Pengumuman nominasi sendiri digelar oleh PWI Pusat tepat saat perayaan malam Tahun Baru 2026 kemarin.
Direktur Anugerah Seni dan Kebudayaan PWI Pusat, Yusuf Susilo Hartono mengatakan, sepuluh Bupati dan Walikota tersebut terpilih setelah Dewan Juri melakukan penilaian mendalam terhadap proposal yang diajukan.
Dijelaskan, berkas proposal yang dinilai sangat komprehensif, mulai dari video, dokumen pokok pemajuan kebudayaan daerah, peraturan daerah, tautan pemberitaan, hingga dokumentasi foto. Totalnya bisa mencapai puluhan, bahkan ratusan halaman.
“Guna memastikan kebenaran dan dampak nyata dari program kebudayaan yang diajukan, para kepala daerah diundang melakukan presentasi langsung di PWI Pusat. Presentasi dijadwalkan berlangsung pada 8–9 Januari 2026 mendatang,” jelasnya.
Dewan Juri Anugerah Kebudayaan PWI Pusat 2026 terdiri atas lima tokoh dari kalangan pers dan seni budaya, yakni Dr. Nungki Kusumastuti, Agus Dermawan T, Sudjiwo Tejo, Akhmad Munir, dan Yusuf Susilo Hartono.
Adapun sepuluh kepala daerah yang lolos nominasi terdiri atas tiga Walikota dan tujuh Bupati, yaitu Walikota Malang, Wahyu Hidayat; Walikota Samarinda, Andi Harun dan Walikota Mataram, Mohan Roliskan.
Sementara tujuh Bupati, yakni Bupati Lampung Utara, Harmartoni Ahadis; Bupati Temanggung, Agus Setiawan; Bupati Manggarai, Heribertus Geradus Laju Nabit; Bupati Blora, Arief Rohman; Bupati Labuhanbatu, Maya Hasmita; Bupati Manokwari, Hermus Indou, serta Bupati Padang Pariaman, John Kenedy Azis.
"Penilaian meliputi penguasaan materi, gaya dan teknik presentasi, serta kelengkapan sarana pendukung. Kepala daerah boleh membawa rombongan, namun tidak diperkenankan membantu presentasi,” kata Yusuf.
Anugerah Kebudayaan PWI Pusat 2026 mengangkat tema Pemajuan Kebudayaan Daerah yang Inklusif dan Berkelanjutan Berbasis Media dan Pers.

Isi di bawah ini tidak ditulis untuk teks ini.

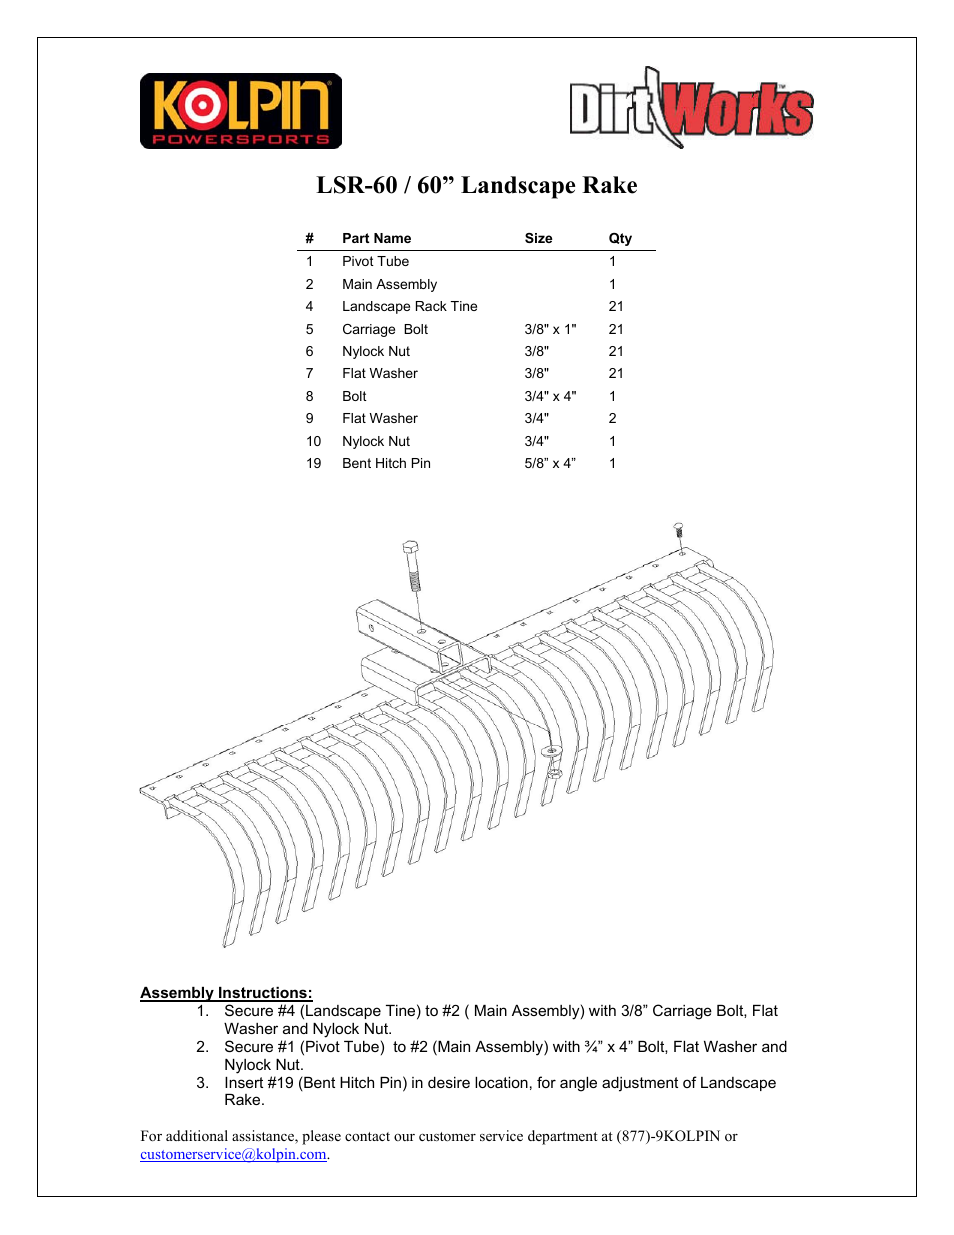 LSR-60 - 60” Landscape Rake

Dewan juri, kata Yusuf, menaruh perhatian pada aspek inovasi program kebudayaan, serta dampaknya bagi masyarakat, baik di tingkat lokal, nasional, hingga global.
Anugerah Kebudayaan PWI Pusat telah diselenggarakan sejak Hari Pers Nasional 2016 di Lombok, Nusa Tenggara Barat.
Sejumlah kepala daerah penerima penghargaan pada tahun-tahun sebelumnya antara lain Dedi Mulyadi, Abdullah Azwar Anas, dan Eri Cahyadi.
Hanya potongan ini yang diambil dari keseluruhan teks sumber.